Adolescentes y adultos: ¿la depresión es una reacción química?

Los neurocientíficos están de acuerdo: los 15 millones de adultos estadounidenses que luchan contra la depresión mayor padecen una enfermedad médica real. Los estudios apuntan a una escasez de las sustancias químicas cerebrales serotonina, norepinefrina y dopamina, los neurotransmisores que transportan mensajes entre las células nerviosas. Los médicos no tienen pruebas para determinar cuáles faltan, pero existen terapias farmacológicas disponibles para potenciarlas.

Inhibidores selectivos de la recaptación de serotonina (ISRS) La serotonina se elabora a partir del aminoácido triptófano; regula el estado de ánimo y el apetito. Los ISRS como Paxil y Zoloft elevan la serotonina en los espacios entre las células cerebrales a niveles normales y, para algunos pacientes, esto ayuda a mejorar su estado de ánimo.

Inhibidores de la recaptación de serotonina y norepinefrina (IRSN) Como un remitente de mensajes clave para los nervios que controlan su cuerpo sin la intervención de su cerebro, la norepinefrina controla su respuesta a situaciones ultraestresantes. Los niveles cerebrales bajos se han relacionado con síntomas relacionados con la depresión, que incluyen fatiga, insomnio, dormir demasiado, agitación y dificultad para concentrarse. Los IRSN como Effexor y Cymbalta funcionan bloqueando las células cerebrales para que no eliminen tanto la serotonina como la norepinefrina.

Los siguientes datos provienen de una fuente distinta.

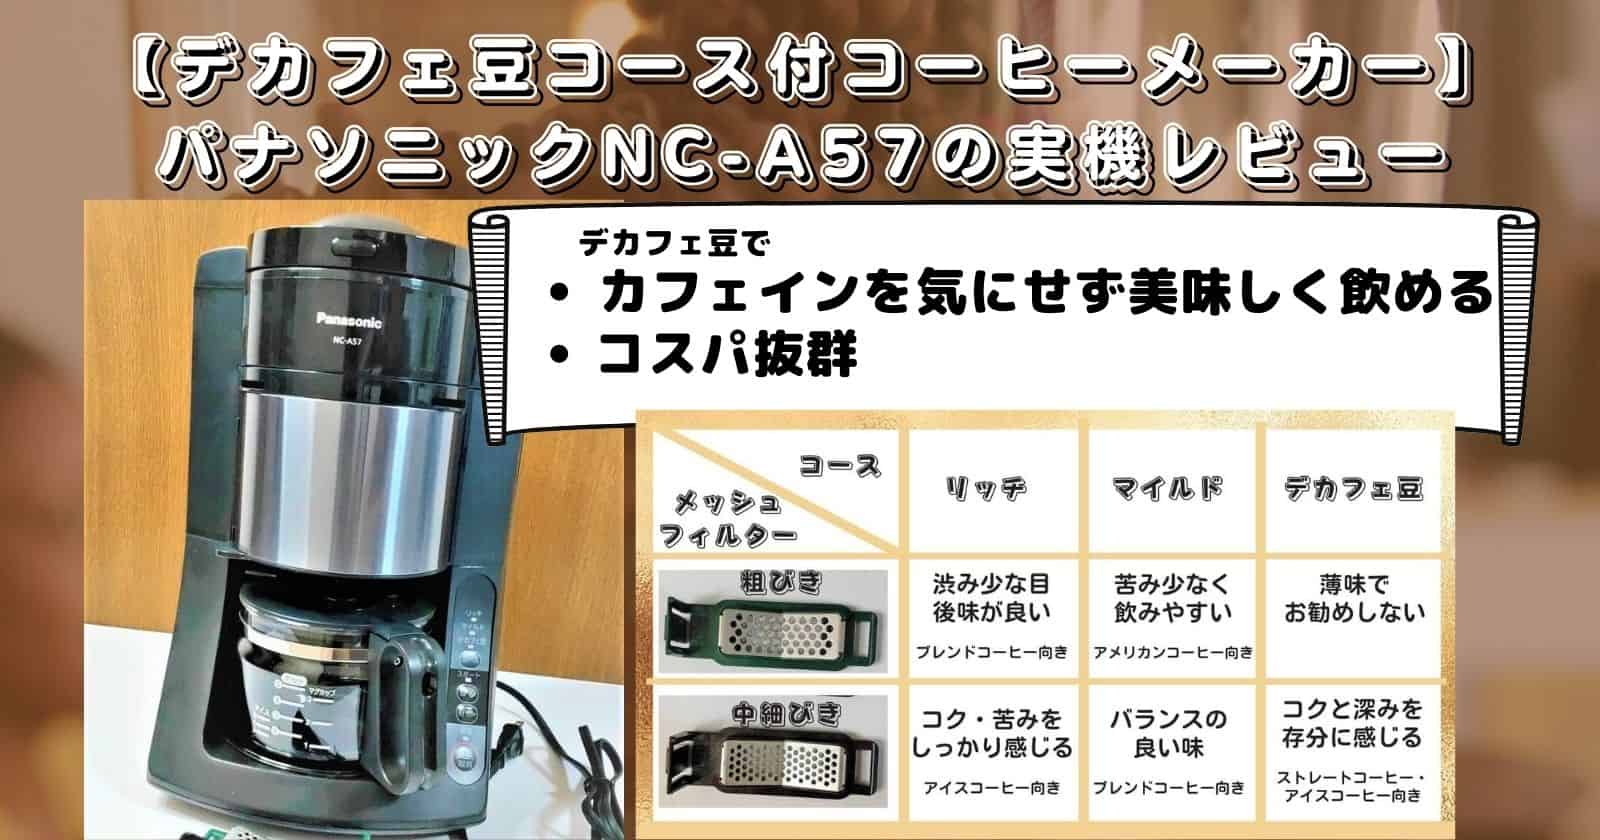 国際ブランド】 Panasonic コーヒーメーカー NC-A57
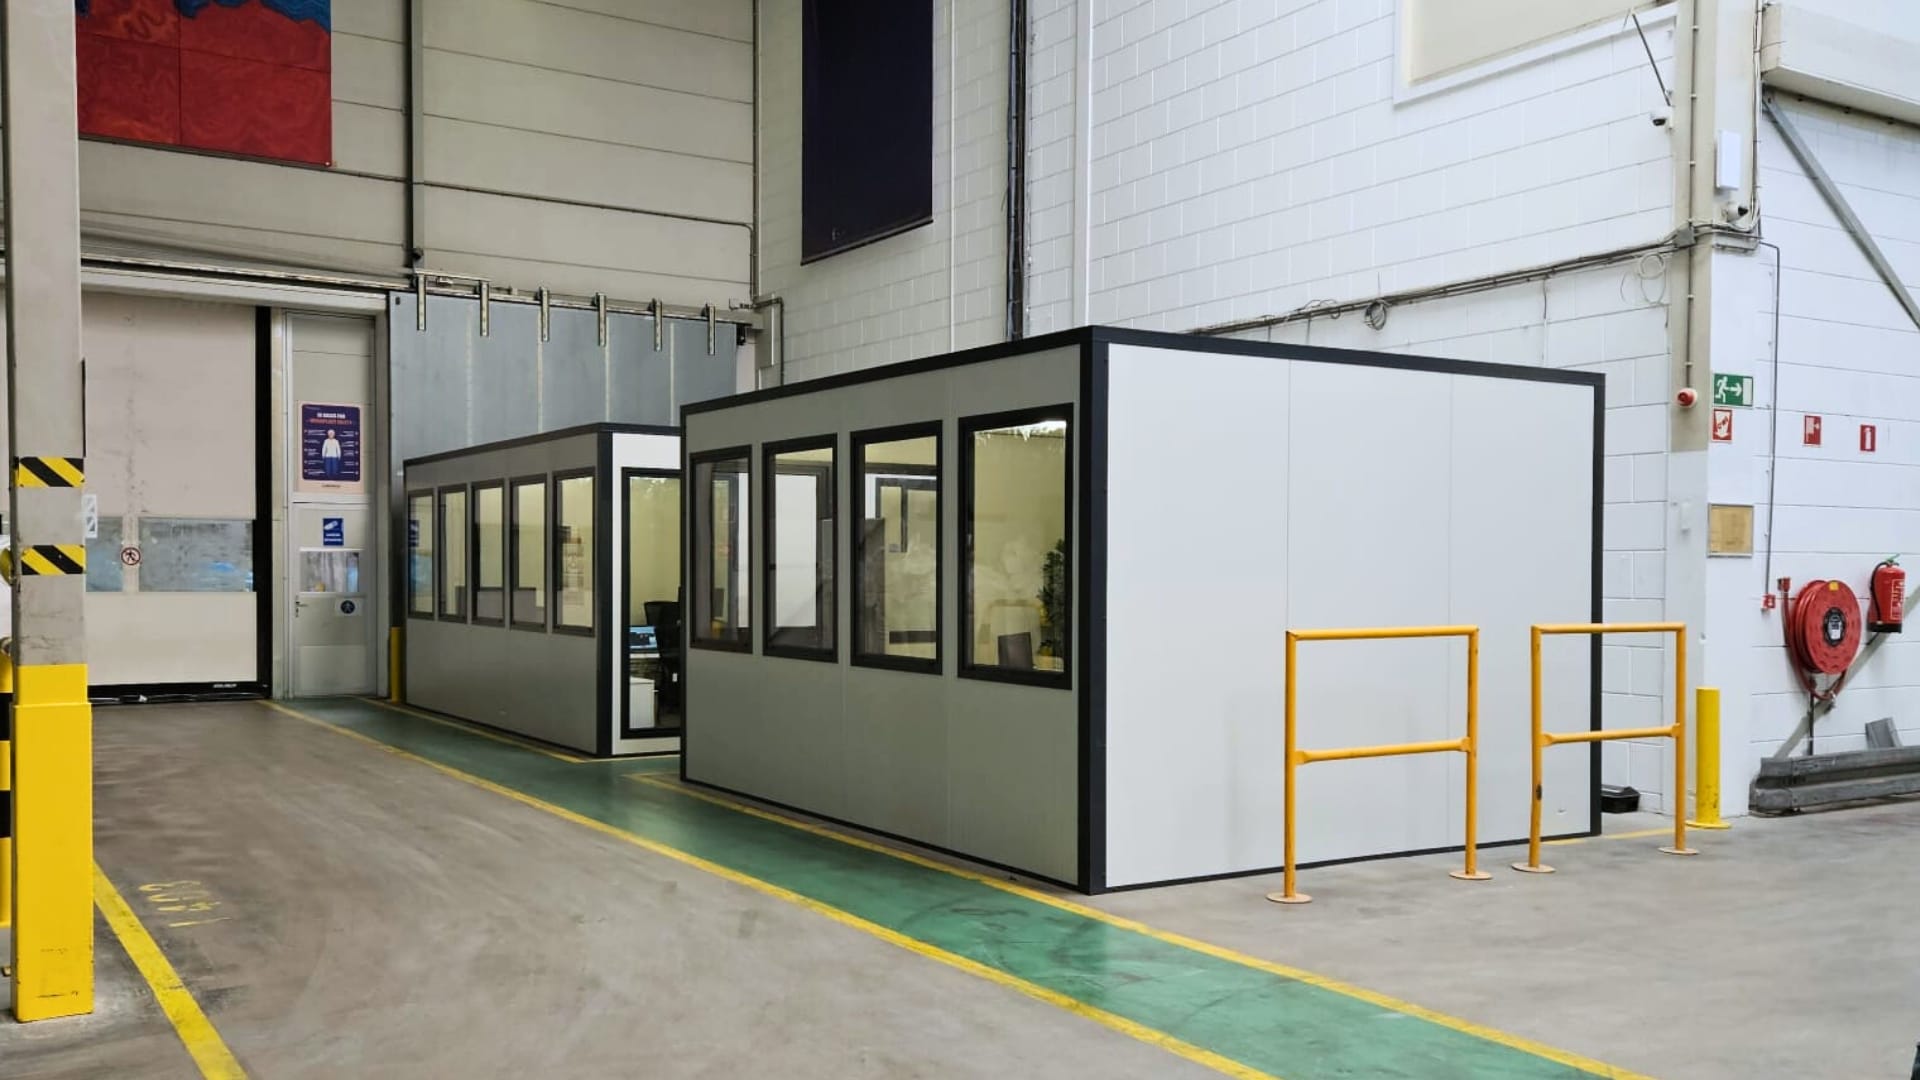 Kantoorunit Smart van Umfeldt met wit aluminium panelen en antraciet grijze kozijnen, gemonteerd in een productieomgeving

Antidepresivos tricíclicos (ATC) Los ATC, como la amitriptilina y la imipramina, son los precursores modernos de los ISRS y los IRSN. Son igual de efectivos, pero actúan de manera más amplia para prevenir la recaptación de serotonina y norepinefrina, por lo que es posible que no se toleren tan bien.

Los estudios sugieren que, para algunas personas, es posible que tarden más en actuar; puede causar aumento de peso, somnolencia o presión arterial baja; e incluso puede afectar el ritmo cardíaco.

Los inhibidores de la monoaminooxidasa, la clase más antigua de antidepresivos, desactivan una proteína llamada MAO-A que agota los neurotransmisores. Los efectos secundarios de estos medicamentos son desagradables, pero la investigación sobre cómo funciona la MAO-A puede ayudar a desarrollar nuevas terapias. En un estudio publicado a fines del año pasado en Archives of General Psychiatry, investigadores del Centro de Adicciones y Salud Mental de Toronto encontraron que los pacientes deprimidos pierden neurotransmisores a diferentes velocidades según la cantidad de transportadores de monoaminas que se encuentran en la superficie de sus células cerebrales y MAO elevada. -A.

Estos hallazgos ayudan a explicar por qué los pacientes con más transportadores tienen síntomas más graves, dice el líder del estudio Jeffrey Meyer, MD, Ph.D. “Ahora tenemos un modelo de enfermedad más preciso para desarrollar tratamientos más eficaces y específicos”.

A medida que los médicos y psiquiatras continúan estudiando y encuentran nuevos medicamentos y productos químicos para combatir la depresión, todos estos estudios tienen una lección común. Nuestros cerebros tienen un inmenso control sobre todo nuestro cuerpo, psicología y bienestar. Donde los estudios fallan en captar es el control absoluto que un individuo tiene sobre su mente y pensamientos. Los estudios se realizan en un sujeto con síntomas que recibe una dosis de medicamento y mide los resultados.

Los estudios no logran crear un cambio mental para que el individuo cree nuevos niveles de serotonina en su cerebro. Los estudios son papeleo; la mente humana y el individuo son capaces de cualquier cosa que elijan. Una mente puede crear una visión o un sueño y luego crear una vida a través de esa mentalidad. Tienes el poder total para ser grandioso y crear una vida llena de sueños hoy.